Master Anderson
Are you ready to bow down and worship another genius? Come on, it’ll be fun, trust me! Trusssst in meeee…
Alright, I’ll confess. I’m bringing out the Kaa eyes because the next auteur on this list can be a bit of a hard swallow for some people. He’s an auteur for sure (that rhymes, yay), and has had some mainstream success, but there’s definitely a chasm between what I see in him and what some others…well, don’t.
Film aficionados will know this man well. His new projects are always highly anticipated, and often meet the hype. It is, of course…
Paul Thomas Anderson is often cited by aspiring filmmakers as the ideal modern American auteur, and they’ll get no argument from me. He credits himself as either “P. T. A.” or “P. T. Anderson”, but is not to be confused with directors Wes Anderson or Paul W. S. Anderson…just to make things that much harder for you.
PTA is hard to put into a category, there’s no one else quite like him. He’s a bit of a prodigy, making his first successful film at 26. His movies always display unconventional choices that will initially draw some in but push many others away. Over time his movies often gain a following and are eventually cited as great examples of contemporary craftsmanship, not unlike the late works of Stanley Kubrick. I personally find his musical choices, editing decisions, and shot selections to be best described as “haunting”. They stick in your mind, for better or worse, and even if you’re not entirely satisfied with the film, they beckon you to revisit it. For me, these choices just work on a gut level. They’re admittedly totally screwy decisions at times, but they’re clearly coming from a place of true conviction.
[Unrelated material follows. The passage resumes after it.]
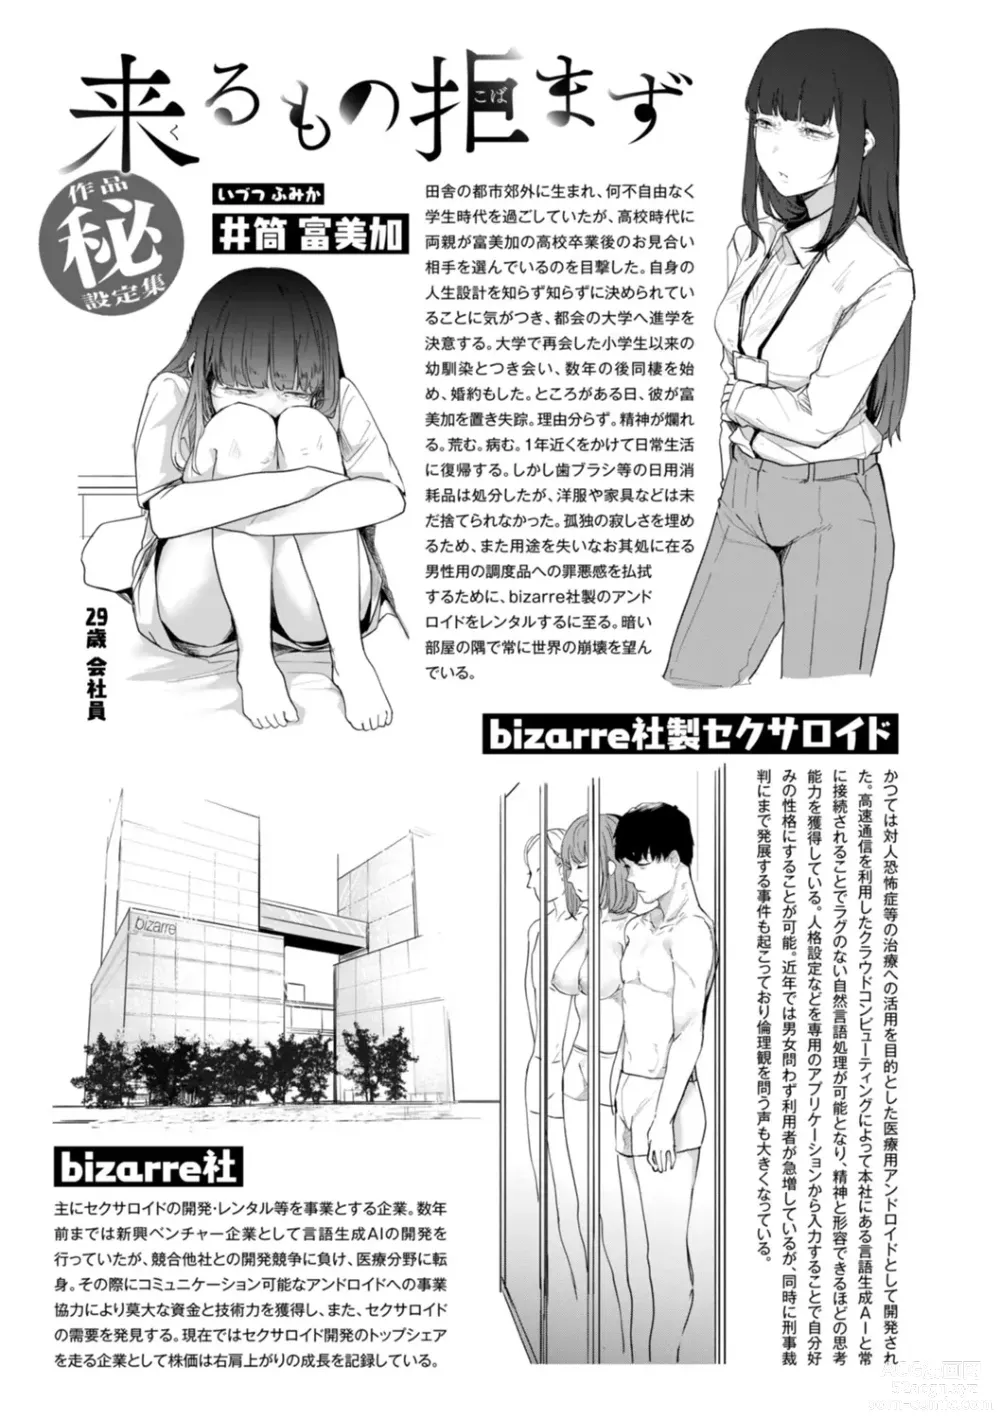 Page 167 of manga Kiteretsu Porno Zenshuu

If you’re someone who loves digging deep into the roots of a grand tree, then you can see Anderson’s very first film “The Dirk Diggler Story” here. It’s a rubbish mockumentary, shot on a cheap video camera, that would later serve as the inspiration for Boogie Nights. Good luck getting through it, though, because I found little evidence of the PTA that I love within it’s thirty-one minute running time.
Anderson’s first proper short film comes five years later. The story goes that he enrolled in film school and immediately found it repulsively sanctimonious and creatively constricting. As a test of whether the lecturers truly knew what they were talking about, he stole a page from pulitzer prize winner David Mamet’s then un-produced screenplay Hoffa(1992), and handed it in as his own during an assignment. When the page came back with a “C+” scribbled at the top, he immediately defected and recouped his money for the first semester. It would be better spent, he figured, making his first professional short film.
Thus, in 1993, we got Cigarettes and Coffee, a film set in a diner that connects three stories using a twenty dollar bill. It’s not the most exciting short imaginable, but it has a sense of untapped potential about it. That potential was noticed at the Sundance film festival, where producers and filmmakers saddled Anderson up with the necessary means for adapting it into a feature film.
The feature adaptation of Cigarettes and Coffee was originally titled Sydney, but the studio subsequently renamed it Hard Eight. It’s a stylish crime-related drama paying tribute to film noir. PTA himself describes it as “simply imagining a classic gangster character at the end of his life”. It’s not without flaws, but as a directing debut it’s about as good as you could expect it to be. It even has a tonal kinship with Quentin Tarantino’s first film, Reservoir Dogs. My favourite thing about Hard Eight is its intriguing premise. It begins with a man named Sydney who approaches a young drifter at a diner. Sydney tell the drifter that if he follows him to a casino, he’ll show him how to turn fifty dollars into a fortune.
From there on it’s best to simply watch the story unfold. Not until the final act do we understand Sydney’s propensity for random generosity.
It’s odd that a film like Hard Eight has been so forgotten, but it’s really worth checking out. The film’s trailer tries to make it look like a rip-roaring casino thriller. It’s not that at all. In fact it takes its sweet time, refusing to give you goodies until the end.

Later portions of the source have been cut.